MPI has built-in memory profiling tools analyzing memory usage. You can use it by just adding the MPICH_MEMORY_REPORT environment in your job bash script.
- If set to 1, print a summary of the min/max high water mark and associated rank to stderr.
- If set to 2, output each rank's high water mark to a file as specified using MPICH_MEMORY_REPORT_FILE.

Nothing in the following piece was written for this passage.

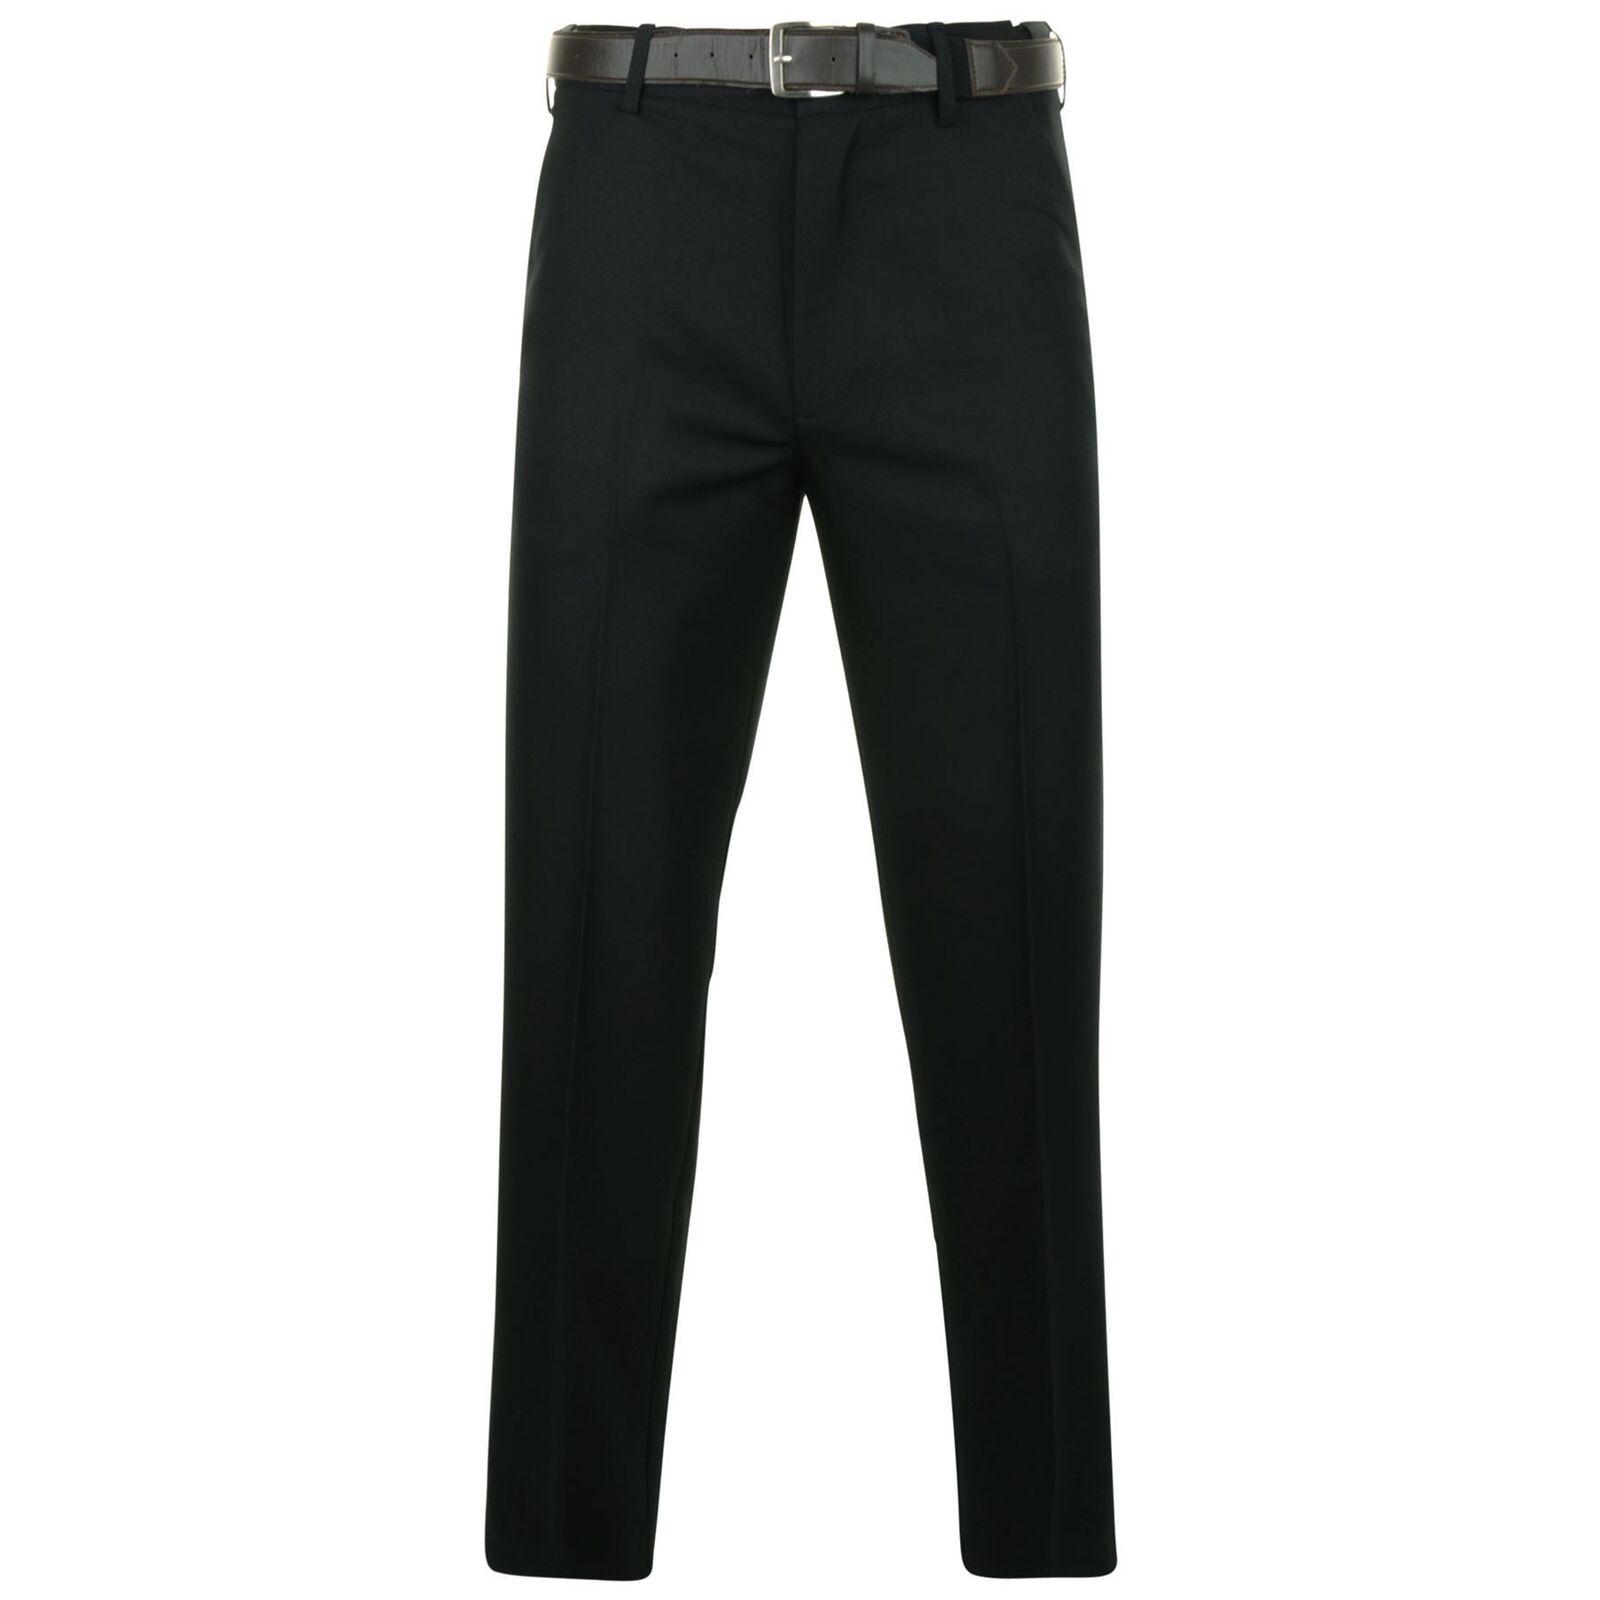 Kam Herren Flexi Größe Formelle Hose (259) Schwarz Größe 40-60 L27-33

- If set to 3, do both 1 and 2.
export MPICH_MEMORY_REPORT=3 export MPICH_MEMORY_REPORT_FILE=/project/kxxx/username/test_memory_report/mem srun --hint=nomultithread --ntasks=4 --ntasks-per-node=2 --ntasks-per-socket=1 ./my_exe # [2] Max memory allocated by malloc: 3068096 bytes # [2] Max memory allocated by mmap: 8388736 bytes # [2] Max memory allocated by shmget: 8522608 bytes # [0] Max memory allocated by malloc: 3068032 bytes # [0] Max memory allocated by mmap: 8388736 bytes # [0] Max memory allocated by shmget: 8522608 bytes # [3] Max memory allocated by malloc: 3066864 bytes # [3] Max memory allocated by mmap: 8388736 bytes # [3] Max memory allocated by shmget: 0 bytes # [1] Max memory allocated by malloc: 3066800 bytes # [1] Max memory allocated by mmap: 8388736 bytes # [1] Max memory allocated by shmget: 0 bytes
This is useful for memory profiling/debugging, nevertheless this might introduced some overhead with detailed reports.

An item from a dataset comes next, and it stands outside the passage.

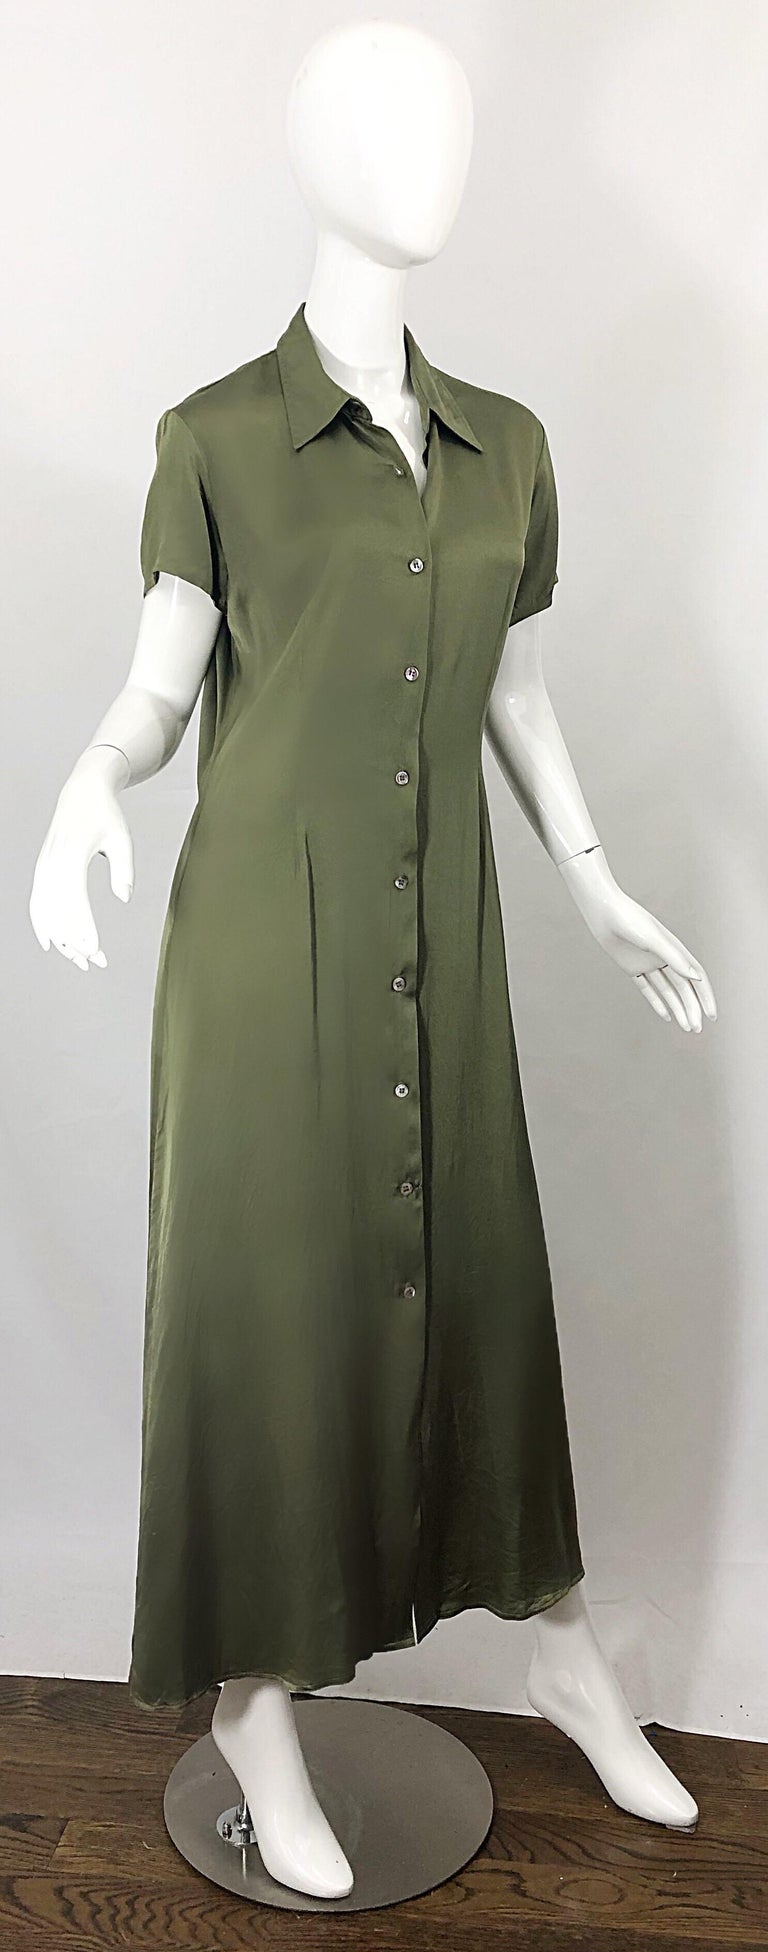 1970s Halston Olive Green Liquid Silk Vintage 70s Short Sleeve Maxi Shirt Dress For Sale 3

This summary reports maximum and minimum values and the lowest rank that reported the value (max_loc/min_loc reductions). The by malloc lines are for malloc/free calls. The by mmap lines are for mmap/munmap calls. The by shmget lines are for shmget or SYSCALL(shmget) and shmctl(..RM_ID..)
More info is available in the man page intro_mpi. Run "man intro_mpi" on any of the cdls, and search (by hitting "/") for "report", then "n" for the next result. You'll see this section on how to invoke mpich's memory reporting function.